A Fate Worse than Death
I used to hear all the time that, when polled, the average American had two greatest fears. The first was public speaking and the second was death. I used to feel the same way when I was a kid. I would rather be dead than speak in public.
Occasionally in elementary school, the teacher would ask a question to the whole class and then go around the room and have each student answer. I would tremble in fear, dreading the moment when it would be my turn to say something in front of the whole class, even if it only required a one word answer. Five minutes would stretch into an eternity. As my turn drew closer, my heart would beat faster, my palms would start to sweat, my hands would shake. I couldn’t even listen to what was being said because I had to formulate my answer over and over in my head so I wouldn’t mess it up. Every inch of me was rigid, awaiting the dreaded moment I would have to say something in front of every person in the class.
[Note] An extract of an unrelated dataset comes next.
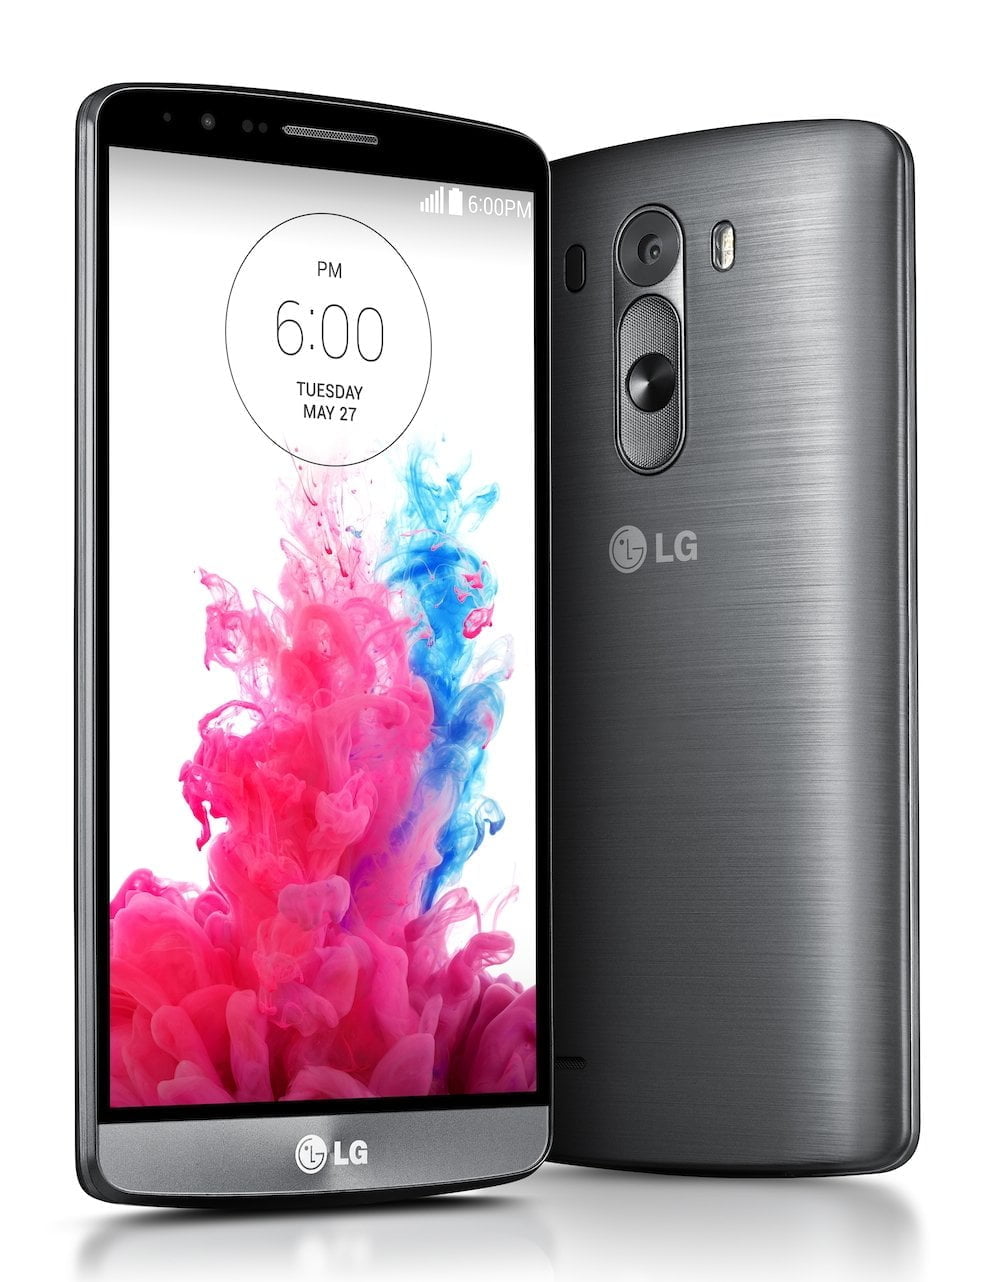 Spectaculair veel pixels in nieuw vlaggenschip van LG, de LG G3 1

When it was finally my turn, I would inevitably say it too softly and the teacher would make me repeat it louder.
Fortunately, as I’ve grown up I have somewhat overcome my fear of public speaking, but not completely. I still get nervous. My heart still beats faster and faster as my time to speak approaches. I will never be a stand up comedian or one of those motivational NFL speakers, but at least I don’t have a nervous breakdown when I stand up to speak. That is an accomplishment for me.